The F8L assay was designed to detect a wide range of orthopoxviruses. The F8L assay exhibited differential sensitivity to various orthopoxvirus species. For example, this assay exhibited 89.49% sensitivity to MPXV, 88.40% to cowpox, and 88.39% to horsepox DNA. Thus, F8L was most efficient in detecting MPXV genome fragments as compared to other orthopoxviruses.

All three assays were used to detect MPXV from wastewater samples collected from FH, HS, JT, and RB. F3L detected 70.8%, C22L_m detected 58.3%, and F8L detected 12.5% of MPXV in samples. Samples collected from the HS facility exhibited the highest F3L assay positivity frequency. 

Viral concentrations in the pellet were higher as compared to the supernatants. An increase in the viral concentration was recorded from February 27, which peaked in the week of March 6.
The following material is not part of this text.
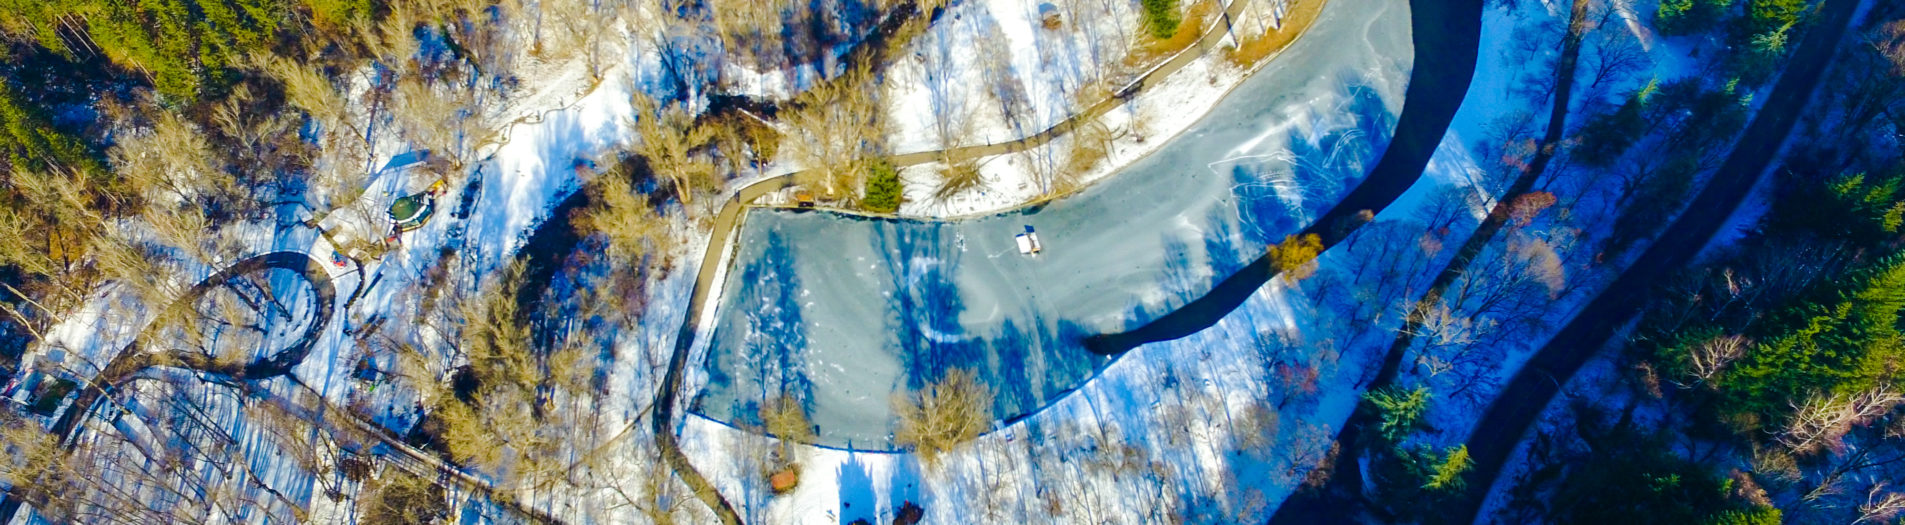 Замръзналото езеро, намиращо се в парк Бачиново, Благоевград

The difference in the timelines between wastewater peak time and new Mpox case reporting dates indicates the possibility of using wastewater surveillance for detecting new infections.

Conclusions

MPXV was detected using three molecular assays in wastewater samples. Interestingly, a rise in the viral concentration was found between one and two weeks prior to the clinical reporting of the new Mpox case.

By comparing the findings of the wastewater analysis and clinical reports, the authors highlighted the prevalence of unreported Mpox cases within the city during the study period. This emphasizes the importance of using multiple molecular assays to improve Mpox detection rates using wastewater samples.

*Important notice: medRxiv publishes preliminary scientific reports that are not peer-reviewed and, therefore, should not be regarded as conclusive, guide clinical practice/health-related behavior, or treated as established information.